Data Development
Most Recent Update: 2022-12-15 12:21:01.
You must use the same data source for Study 1 and Study 2 in Project B. That data source must either be:
- NHANES data, as discussed here.
- something else, as discussed here.
- To encourage people to use data other than NHANES, there is a three-point bonus in the final project B grade available for all projects which use non-NHANES data.
Data Requirements for Study 1 and Study 2
- Number of observations
- If you are using NHANES data, you will need between 500 and 7,500 observations with a minimum of 500 observations containing complete data on all of the variables you will use in Study 1 or Study 2.
- If you are using any other data source, you will need between 250 and 10,000 observations, and at least 250 with complete data on all variables you will use in Study 1 or Study 2.

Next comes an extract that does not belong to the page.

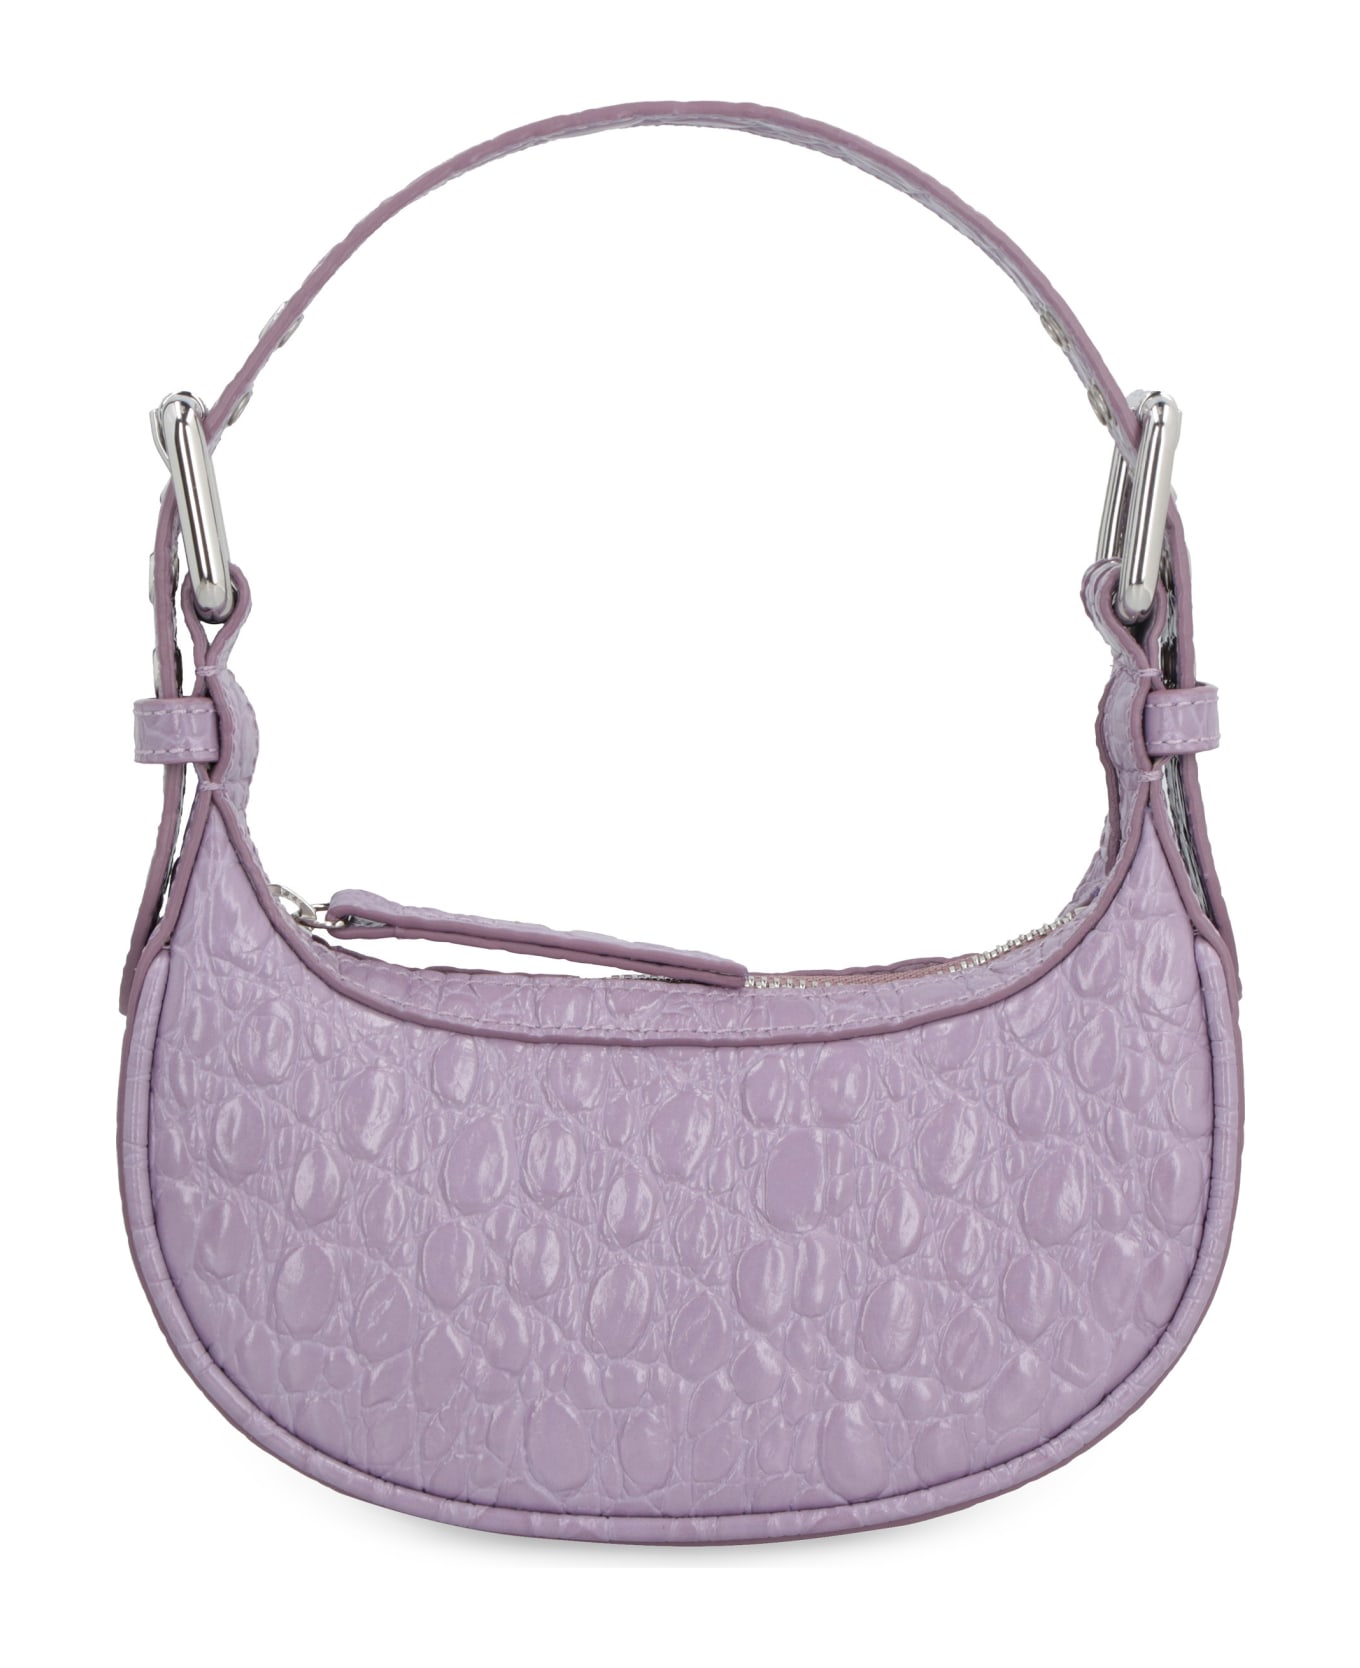 BY FAR Mini Soho Handbag - Lilac

- We require that all variables treated as quantitative in Study 1 (Analyses A, B, or C) or as your quantitative outcome in Study 2 contain at least 15 unique values.
- The data must include a unique coded identifier (
SEQN
in NHANES) for each row (subject.)
- Number and type of variables for Study 1 (where you will do 4 of the following 5 analyses)
- For Analysis A, you will need appropriate data to allow you to compare two means using paired samples. So that would require a set of paired measurements of the same quantity, perhaps measurements of the same subjects before and after the application of an exposure. Again, we require that all variables treated as quantitative in Study 1 (Analyses A, B, or C) or as your quantitative outcome in Study 2 contain at least 15 unique values.
- For Analysis B, you will need appropriate data to allow you to compare two means using independent samples. This would require a quantitative outcome (with at least 15 unique values), and a binary categorical variable which divides the data into two subgroups, so that each subgroup has a minimum of 30 observations.
- For Analysis C, you will need appropriate data to allow you to compare 3-6 means using independent samples. This would require a quantitative outcome (with at least 15 unique values), and a multi-categorical variable with 3-6 categories which divides the data into subgroups, so that each subgroup has a minimum of 30 observations.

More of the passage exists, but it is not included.